> Data segment:

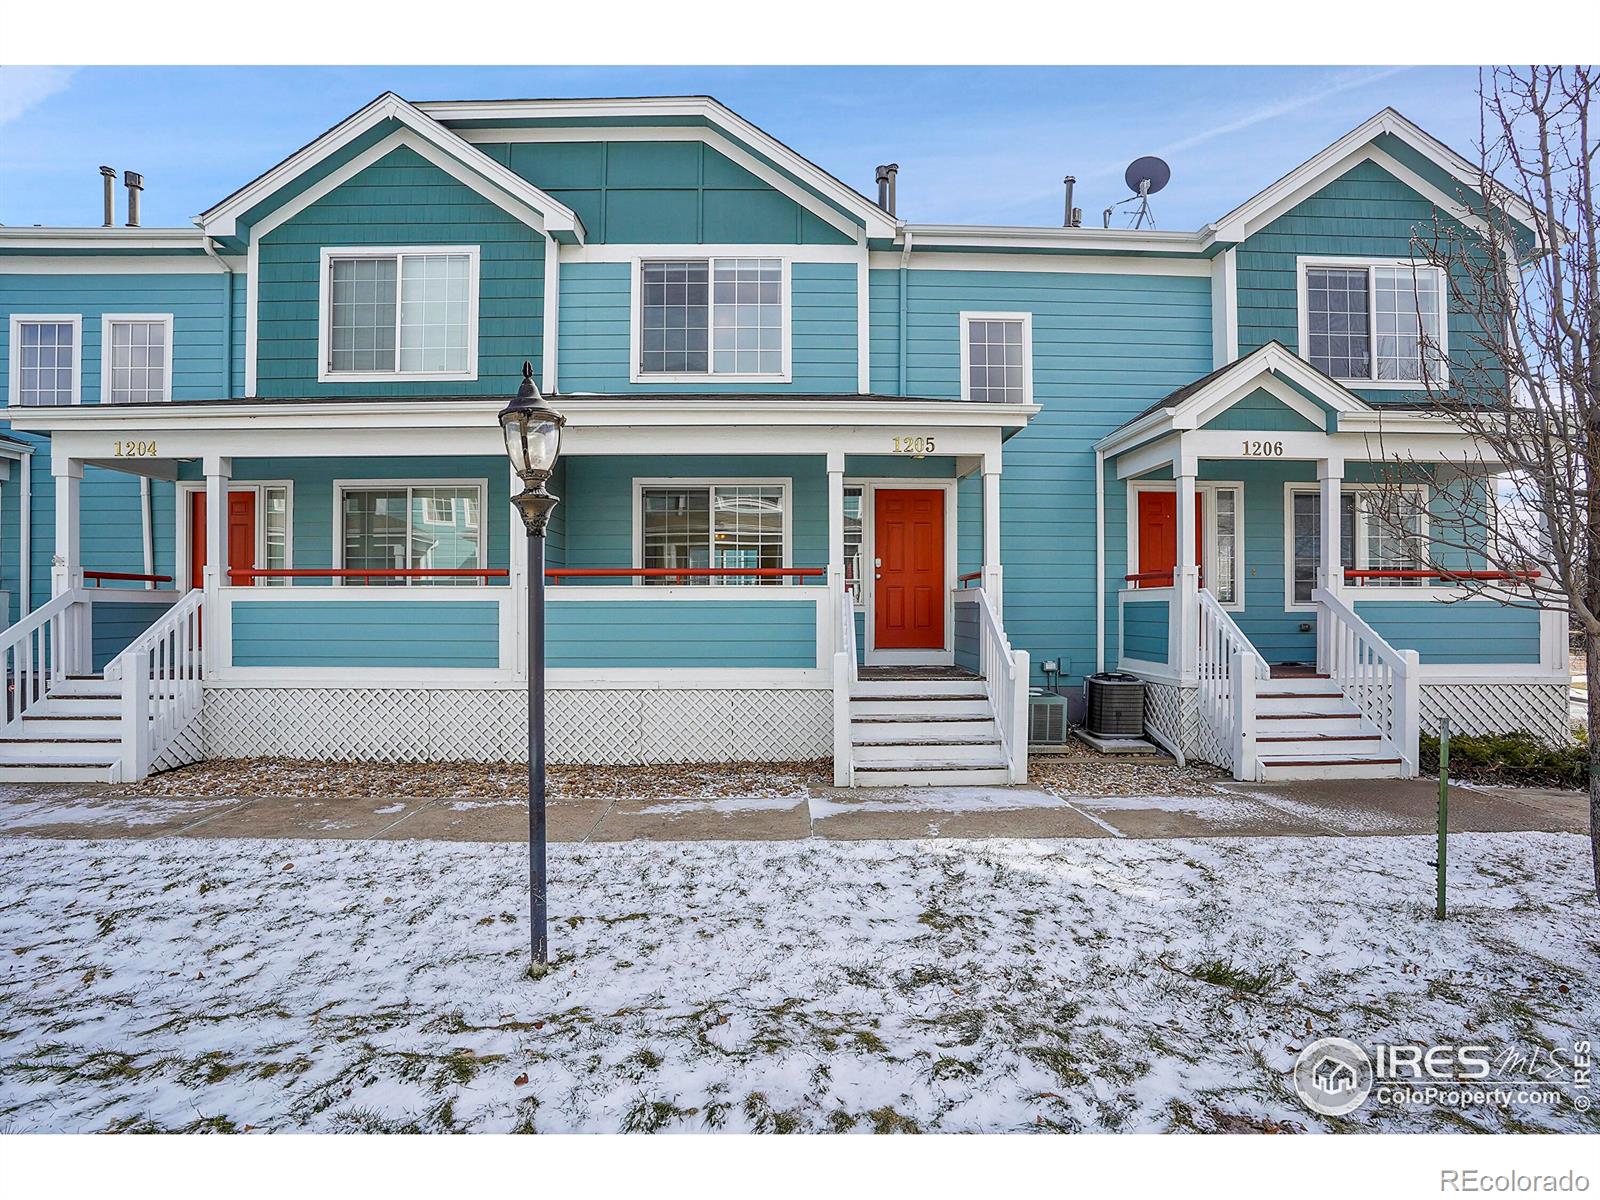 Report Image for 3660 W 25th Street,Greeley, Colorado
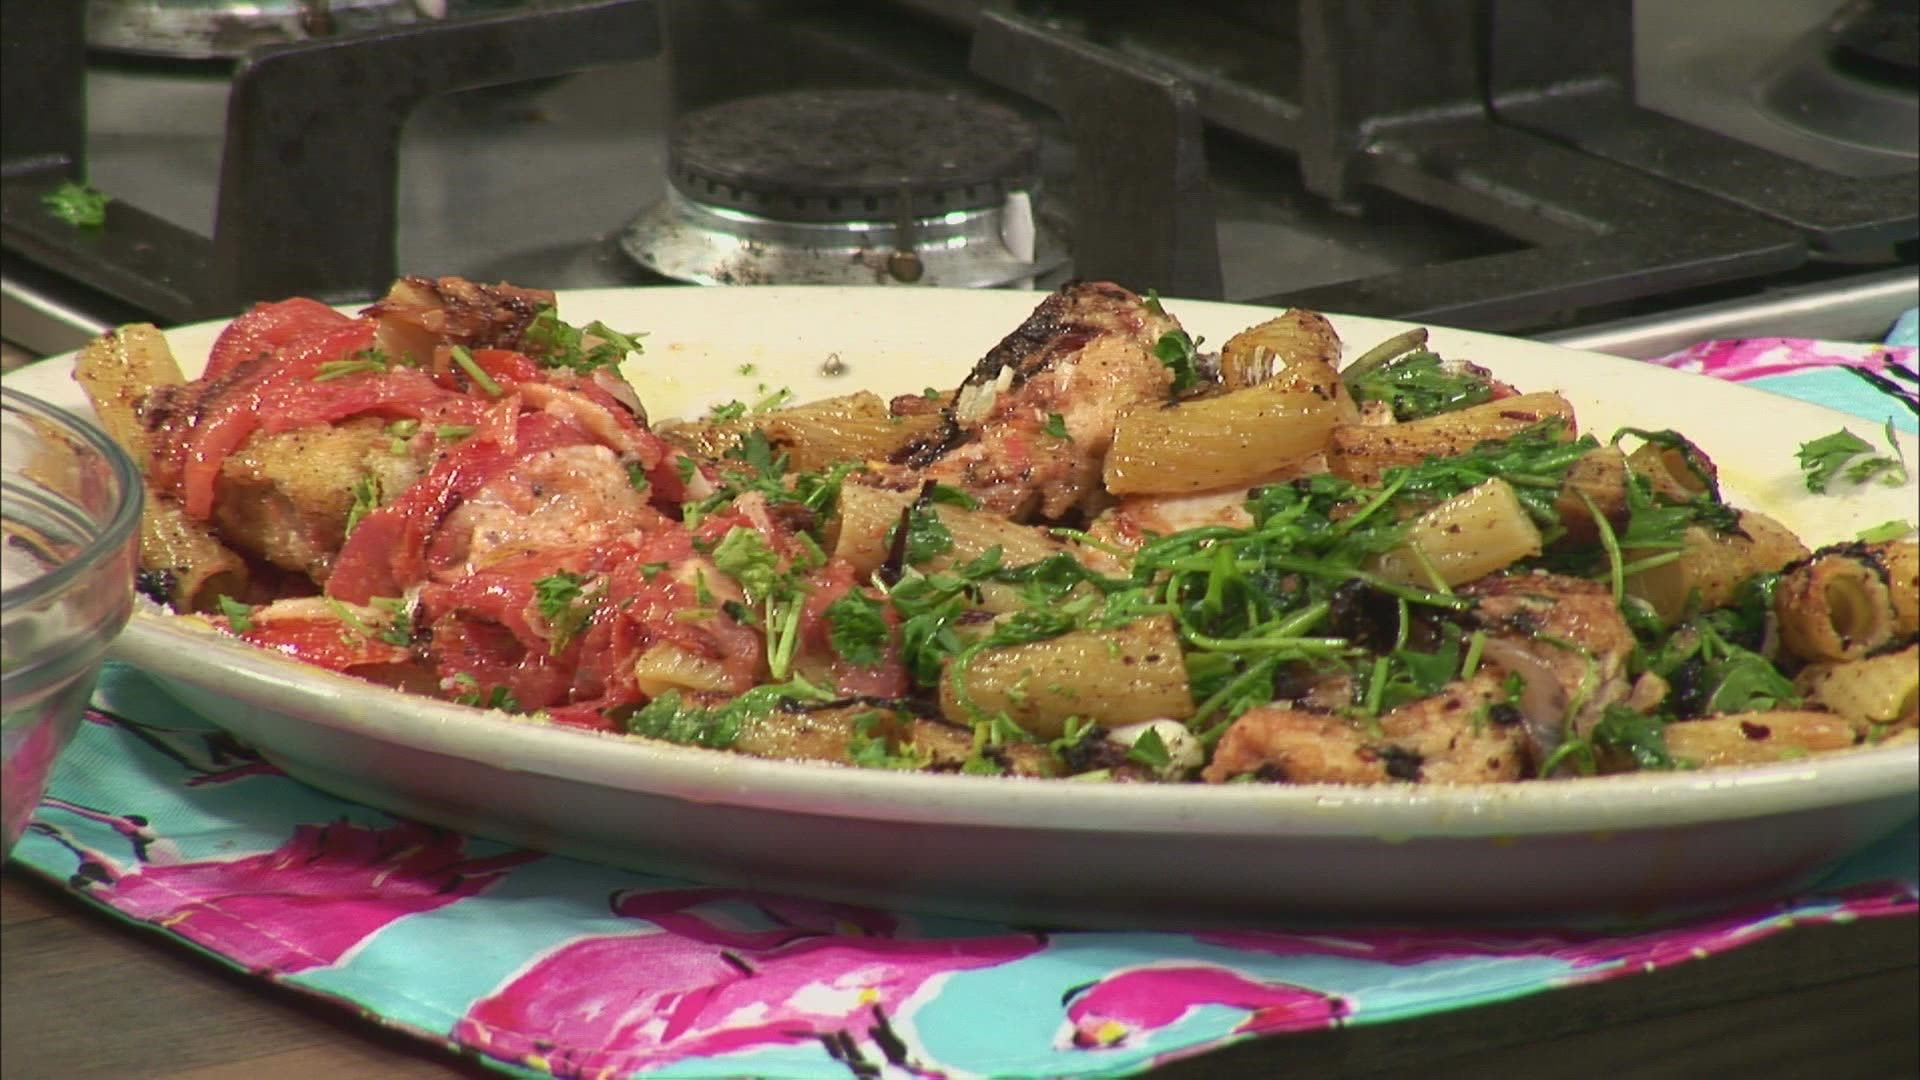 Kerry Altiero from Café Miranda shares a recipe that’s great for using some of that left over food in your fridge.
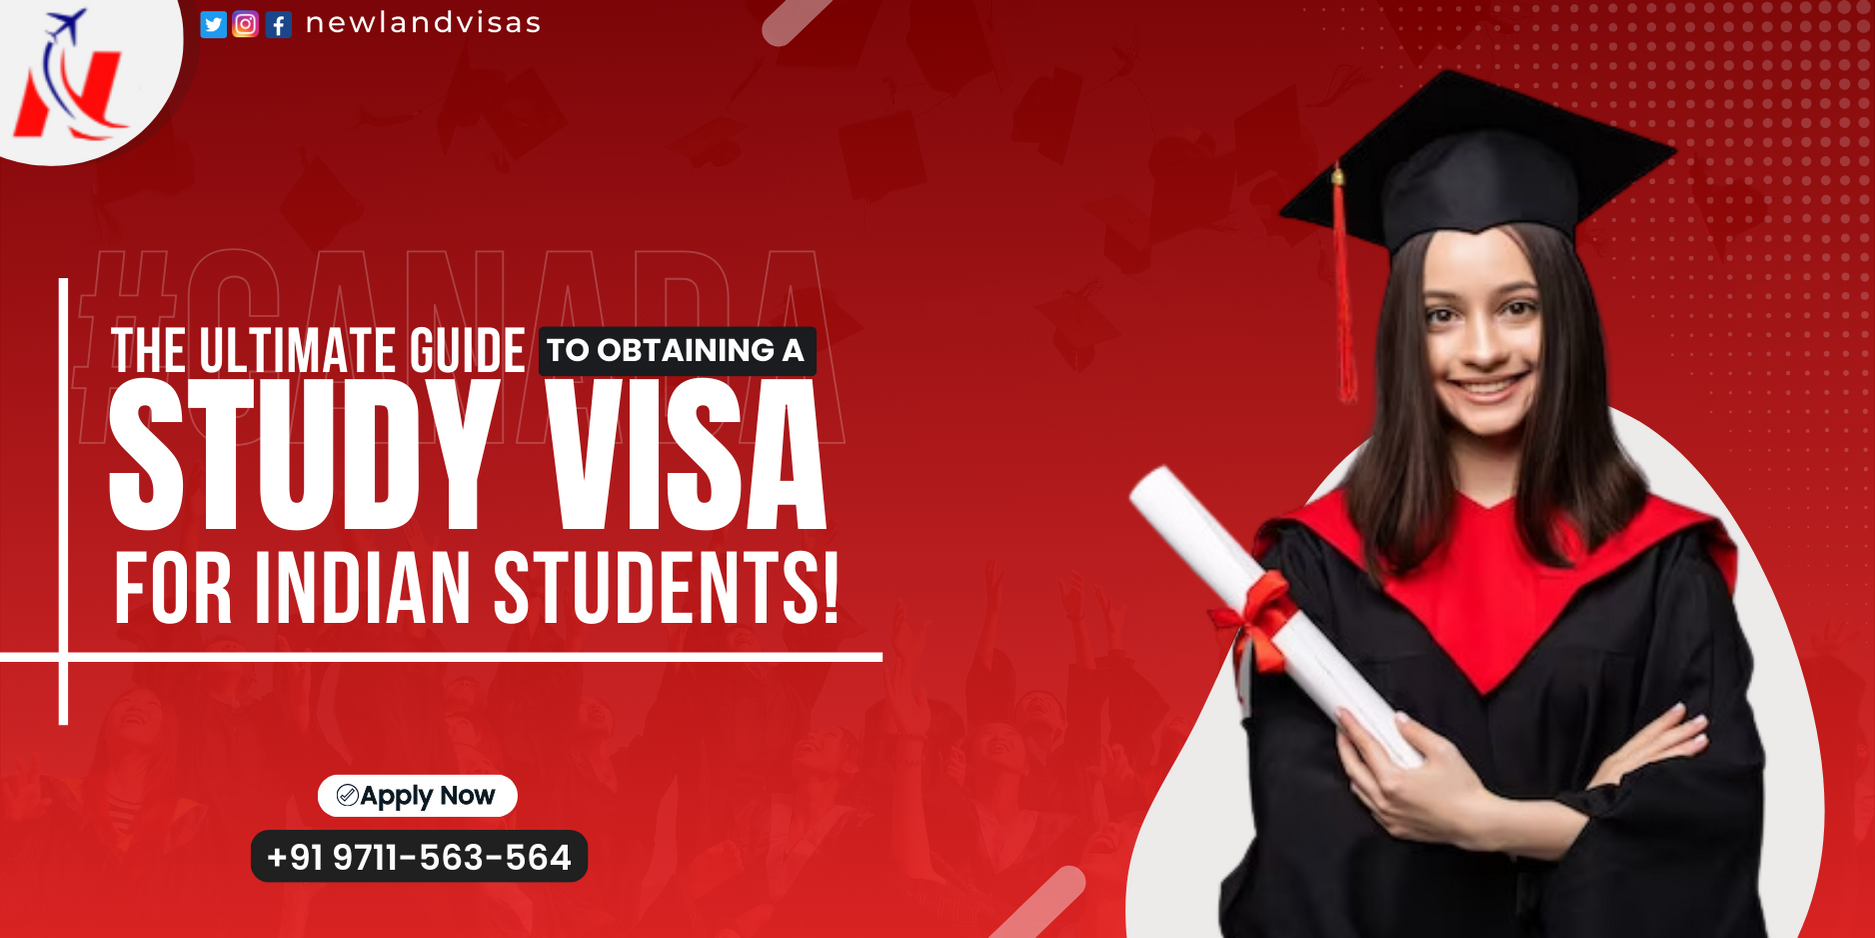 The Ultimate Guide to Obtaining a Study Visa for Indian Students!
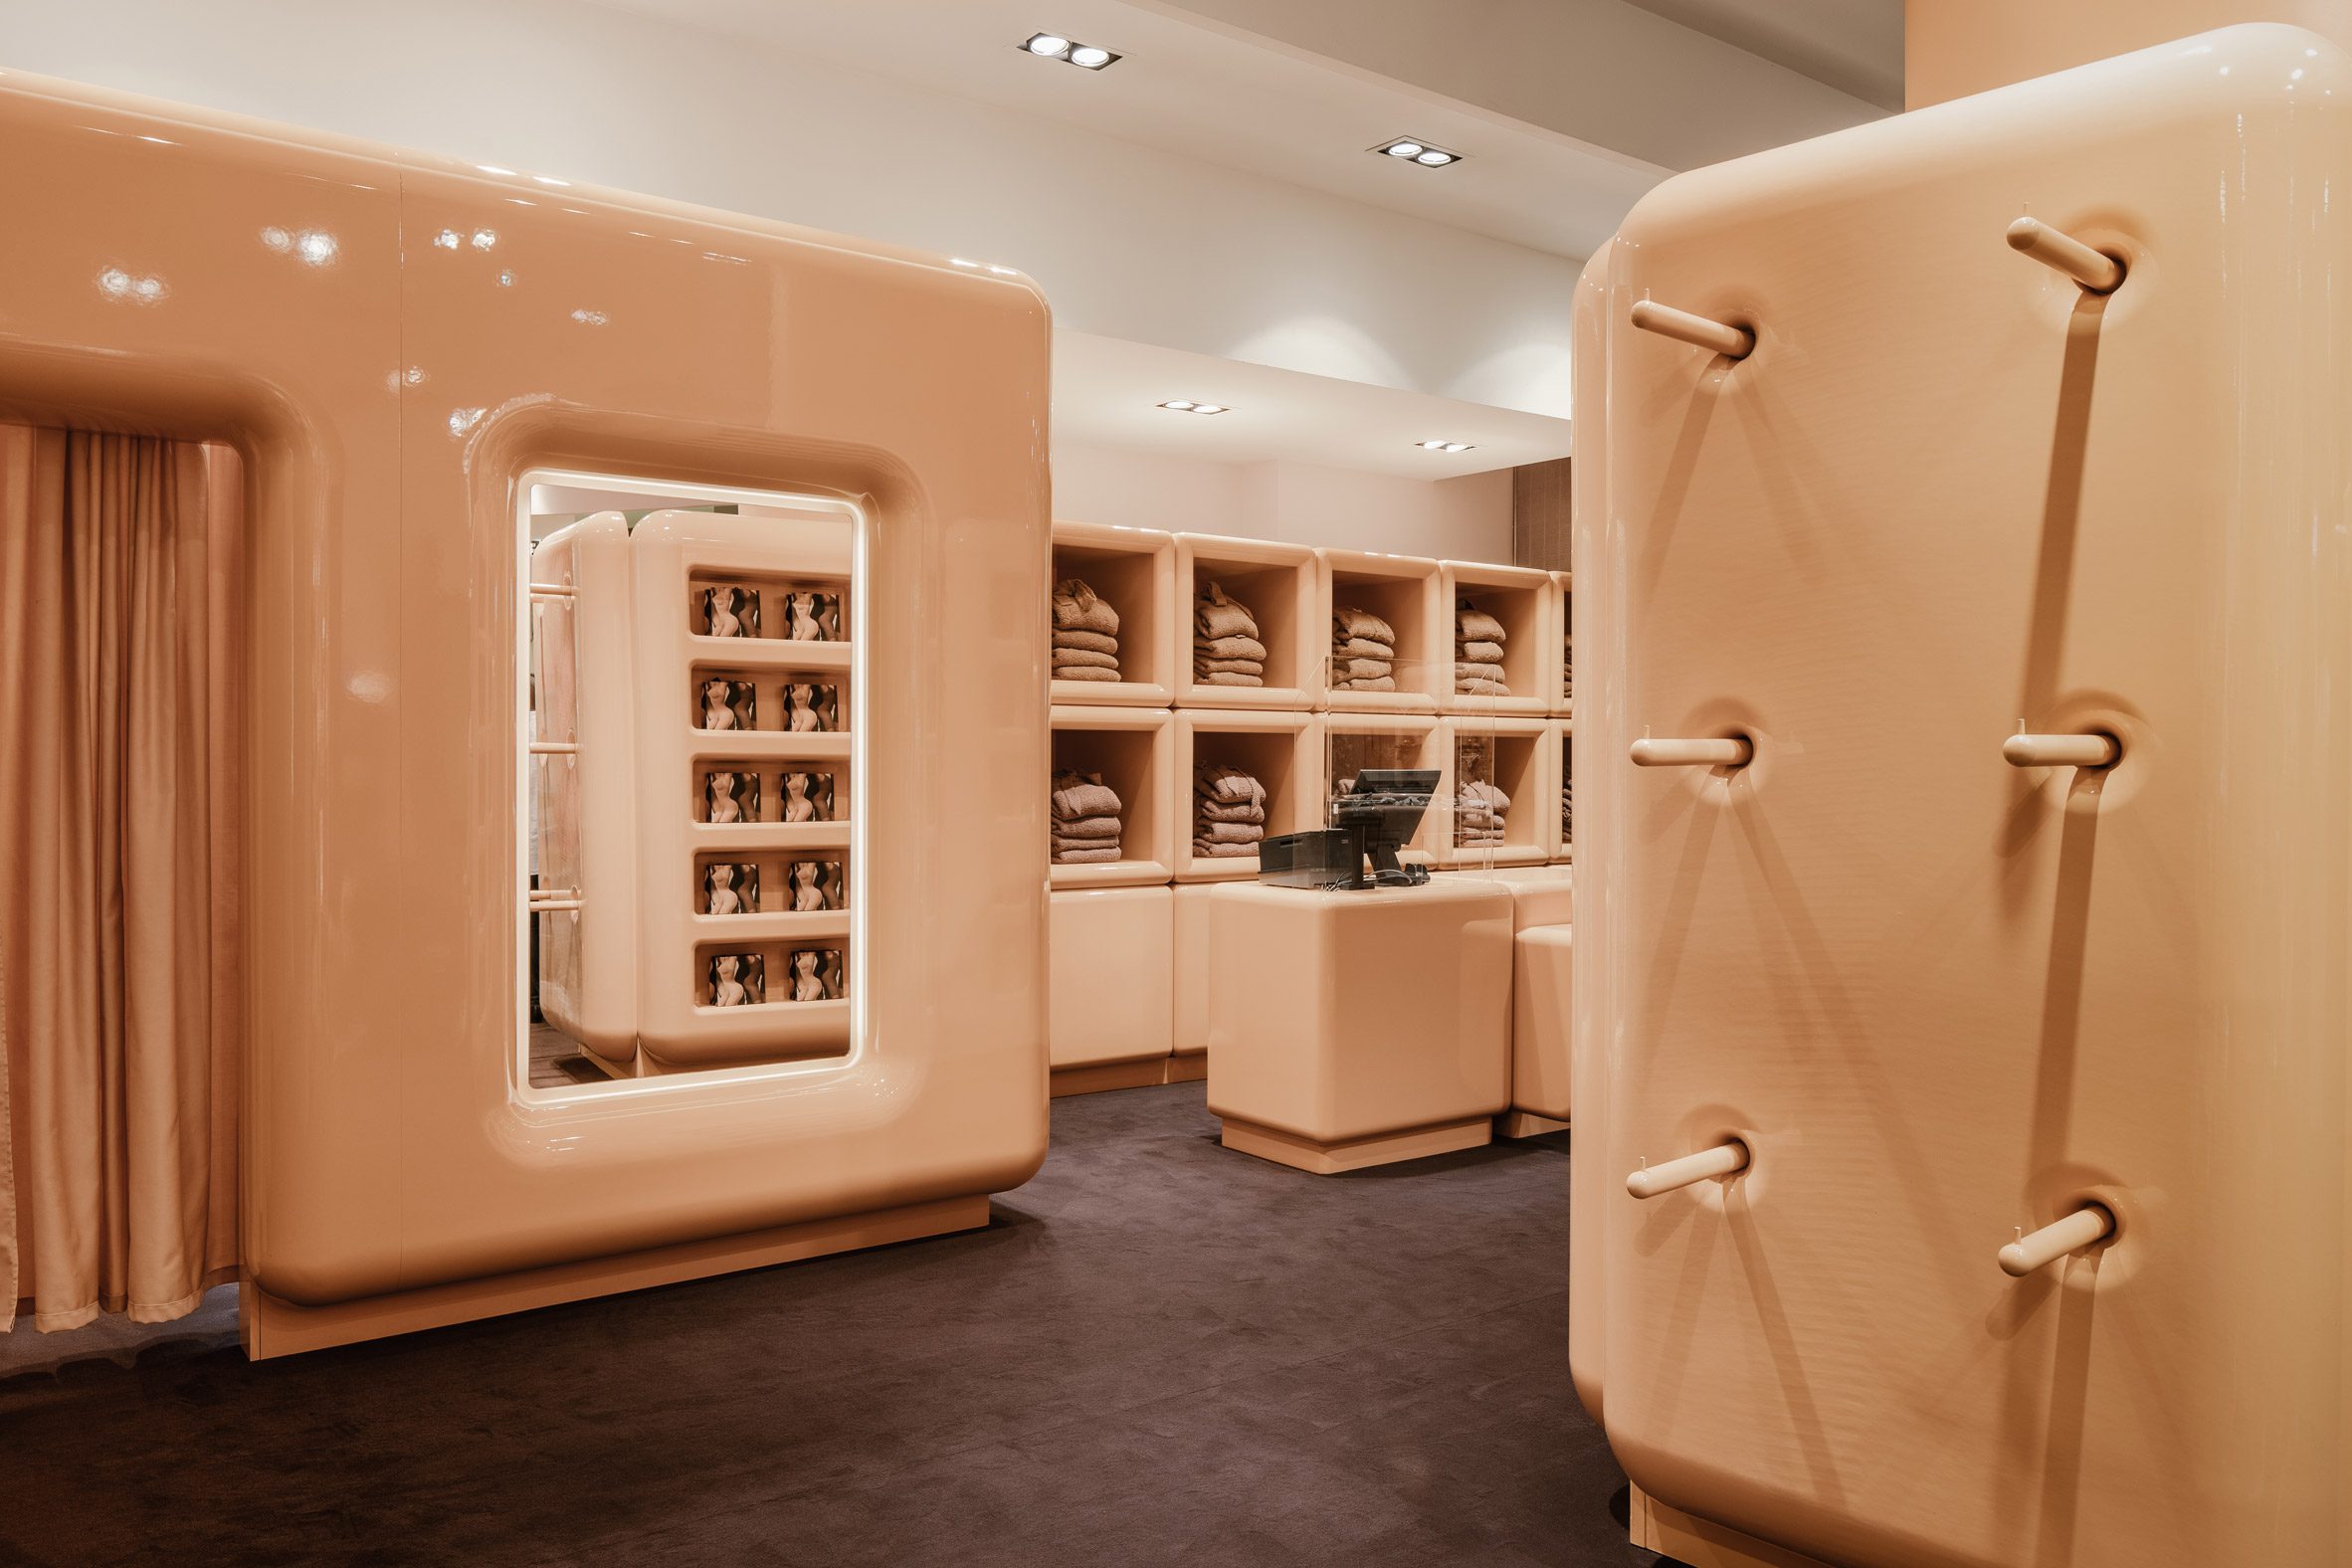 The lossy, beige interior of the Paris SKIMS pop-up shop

> Task directions:
From the first line to the last, retype the data above exactly, but not its images.

> Solution to this exercise:
 Report Image for 3660 W 25th Street,Greeley, Colorado
 Kerry Altiero from Café Miranda shares a recipe that’s great for using some of that left over food in your fridge.
 The Ultimate Guide to Obtaining a Study Visa for Indian Students!
 The lossy, beige interior of the Paris SKIMS pop-up shop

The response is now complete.